During a seminar ahead of the ICIS World Base Oils & Lubricants Conference, the consultant pointed out that Iran has the largest population in the Middle East with around 80 million people, more than 60 percent of whom are 30 years of age or younger and over 70 percent of whom live in urban areas. Its economy is diversified compared to other oil-rich countries in the region, with major potential for tourism around its 21 UNESCO World Heritage Sites.

Further, Iran holds great promise as a global trade hub, Agashe stated. Nearly 20 percent of oil trade makes its way through the Strait of Hormuz off the countrys southern coast – the only sea route out of the Persian Gulf. Iran is also strategically placed along the International North-South Transport Corridor connecting India, Russia, Iran, Europe and Central Asia by ship, rail and road. China has included Iran in its plan for a modern Silk Road, which could boost trade between the two. This creates enormous opportunities, she emphasized.

Citing conversations with multinational companies focused on Iran, Agashe outlined five challenges that foreign businesses must address in order to succeed in the country.

First, companies must strictly follow both their national and internal sanctions compliance policies. Agashe recommends hiring experienced compliance professionals and consulting with an external compliance lawyer. U.S.-based companies ought to be extra vigilant due to the heightened tensions between the two countries, she cautioned.

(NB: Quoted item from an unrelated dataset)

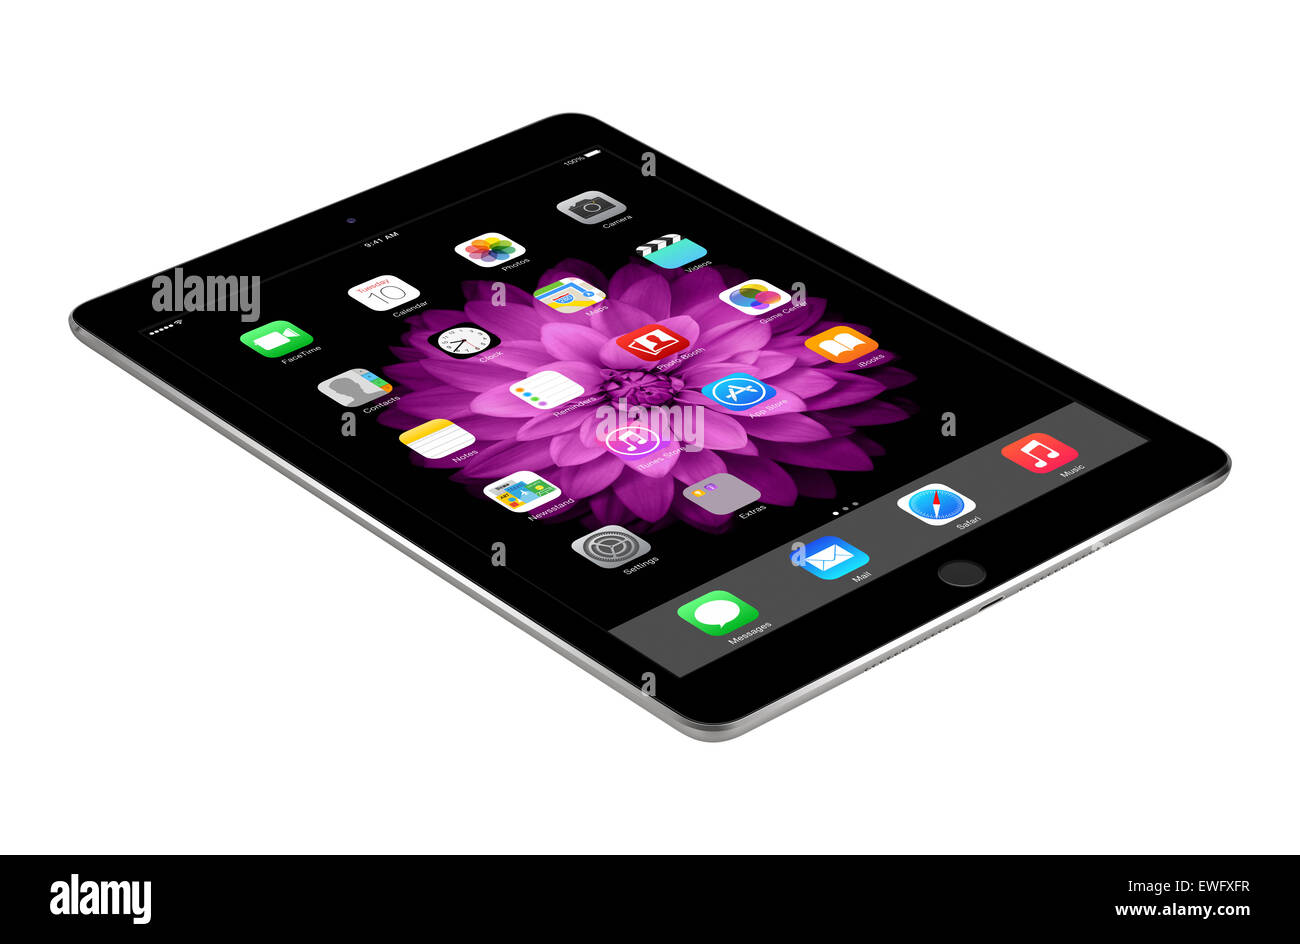 Varna, Bulgarien - 4. Februar 2014: Space Grau Apple iPad Air 2 mit Touch ID Anzeige iOS 8 Homescreen liegt auf der Oberfläche. Stockfoto

With inconsistent market data among different sources, players must invest in securing quality insight into the Iranian market, Agashe advised. She also recommended partnering with local distributors when taking the first step into the market. Distributors in Dubai and Istanbul can be good resources for connecting with Iranian businesses.

Companies must find banks that are willing to do business with Iran. Without access to the United States financial system, Iranian companies often spend weeks waiting for foreign currency to pay for goods from their nonnative partners. This problem is likely to persist, Agashe predicted, as Iran is unifying dual currency exchange rates while also seeking to protect local producers from volatility. For several years Iran has had an official exchange rate, to which access is limited, and a floating open market rate used by those who lack access.

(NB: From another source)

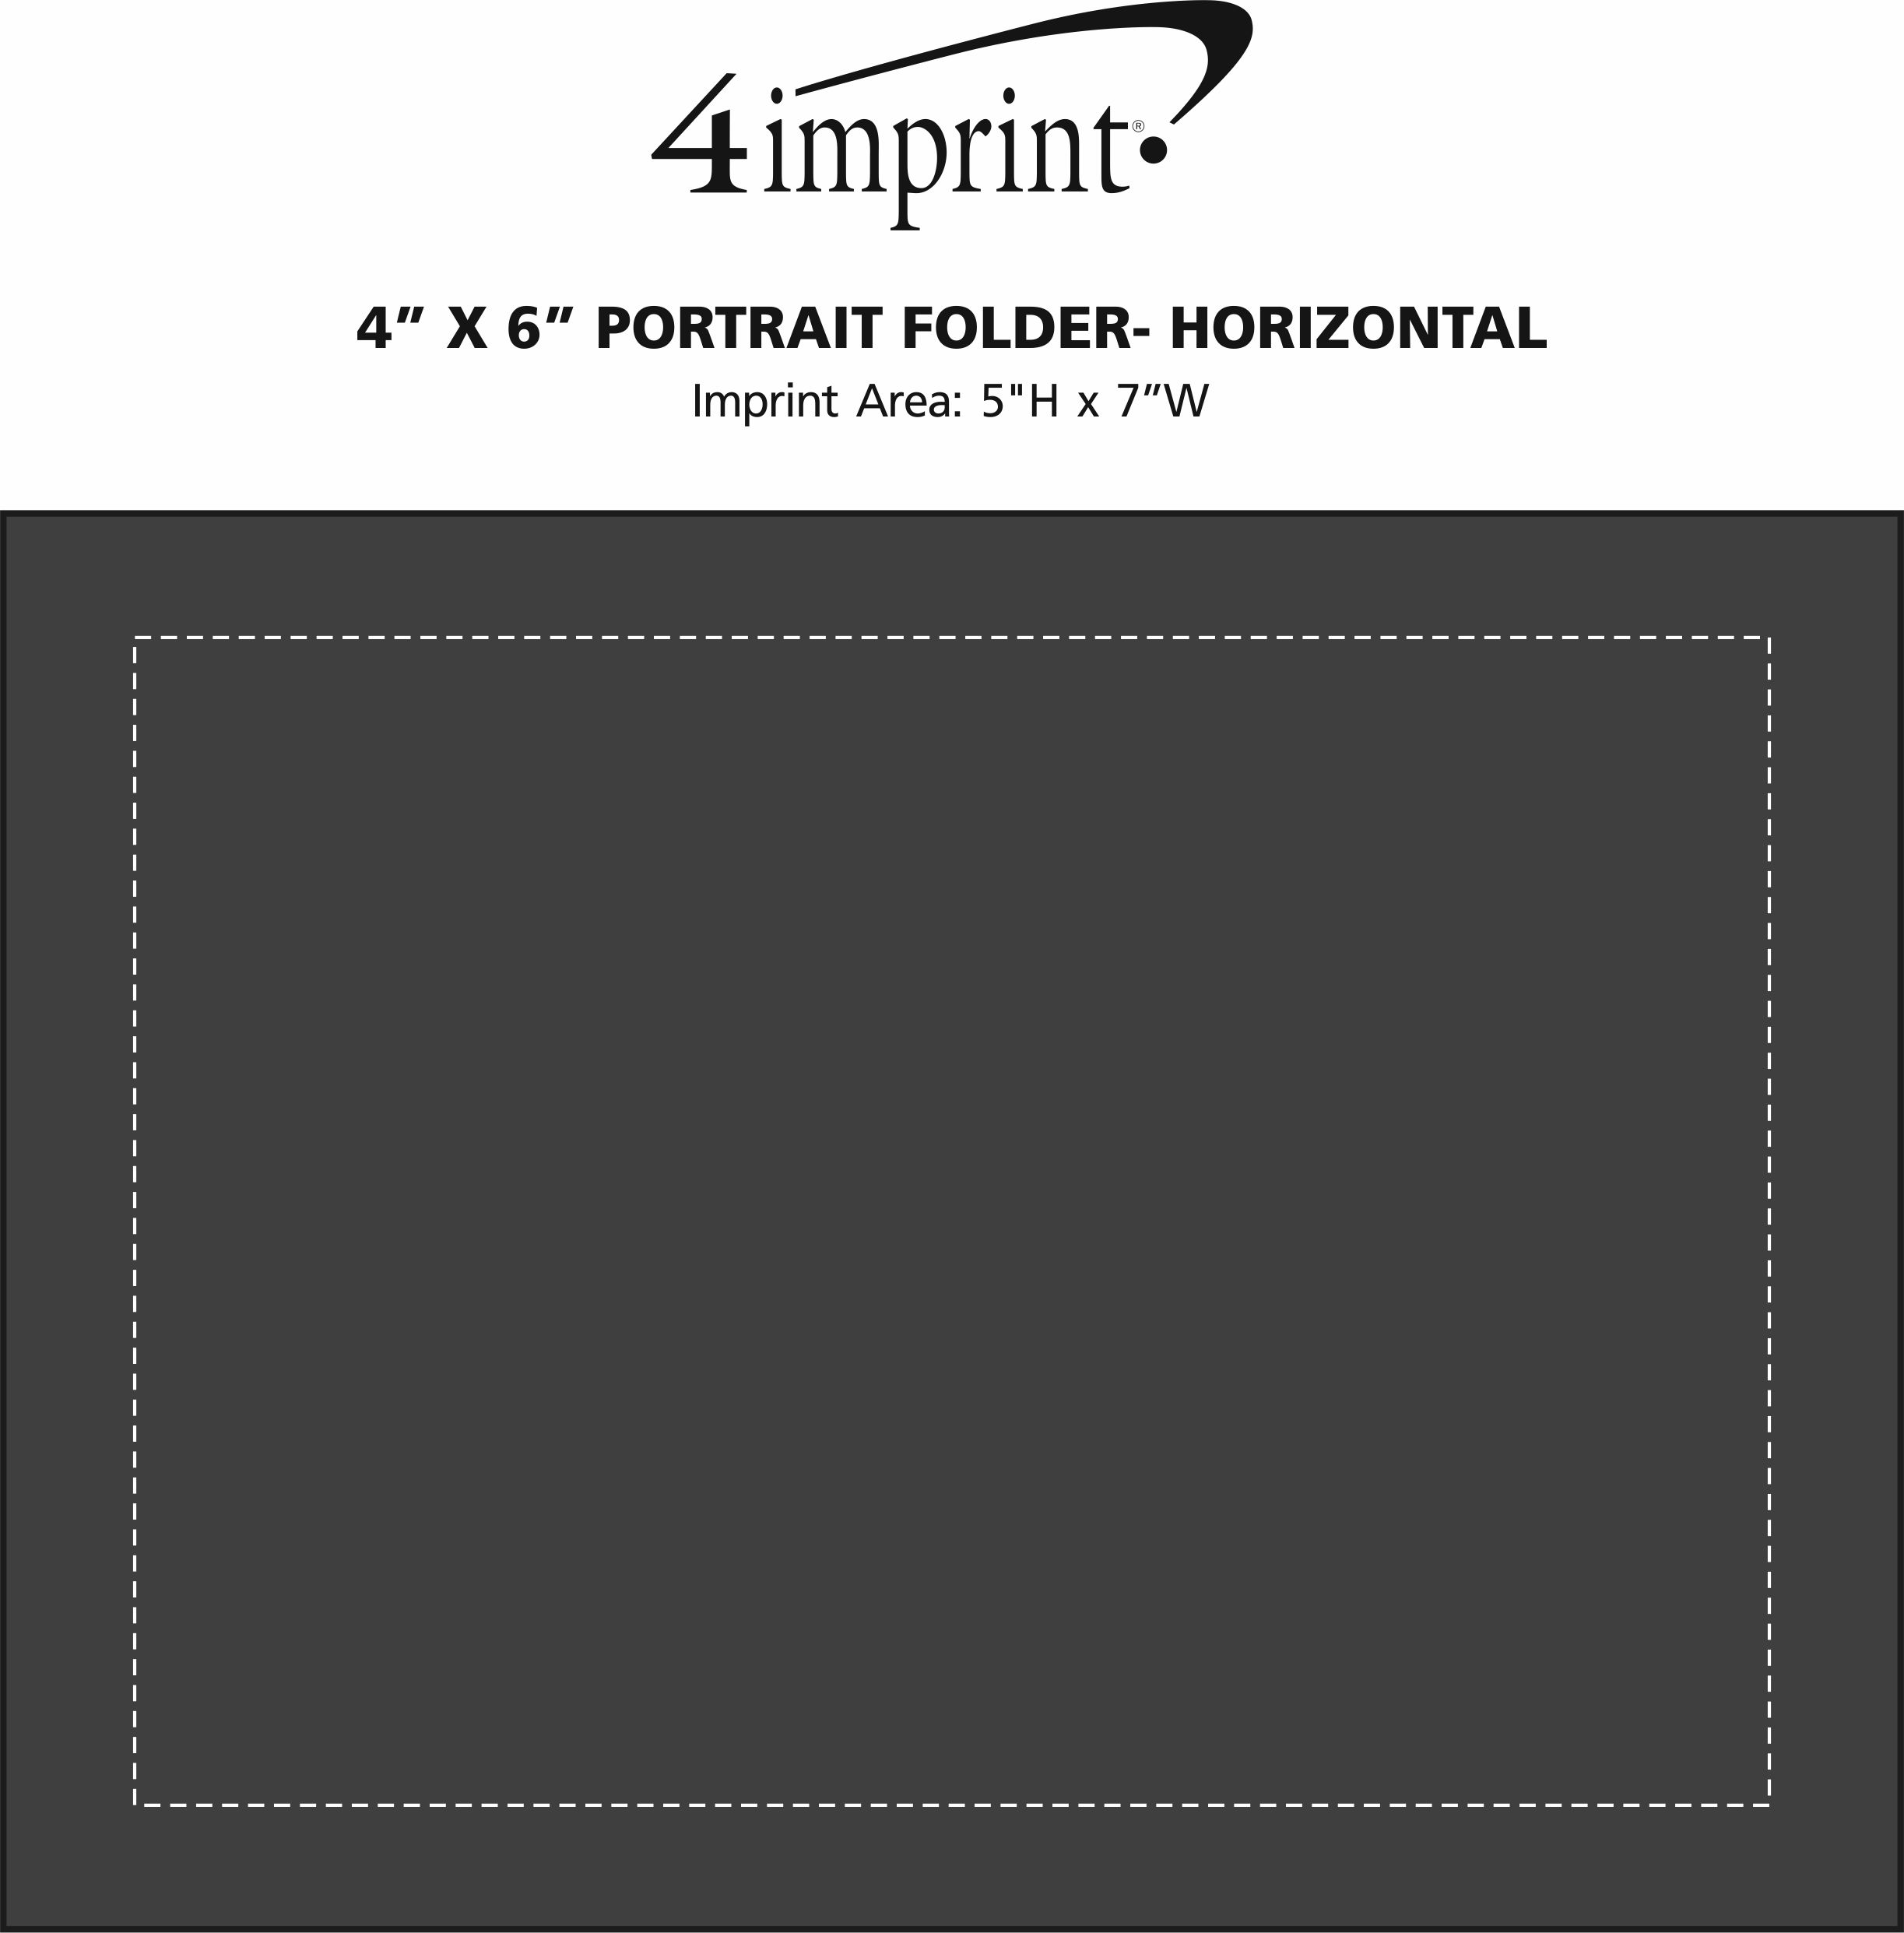 Imprint Area of 4" x 6" Portrait Folder - Horizontal

Once marketers are operating in the country, she continued, they will likely find it necessary to reclaim brand equity from counterfeit products and develop strategies to combat the underground lubricants market.

Iran represents an important opportunity for multinational companies that operate in emerging markets, Agashe concluded. A smart approach will find the sweet spot – advancing ahead of competitors while sidestepping first-mover mistakes.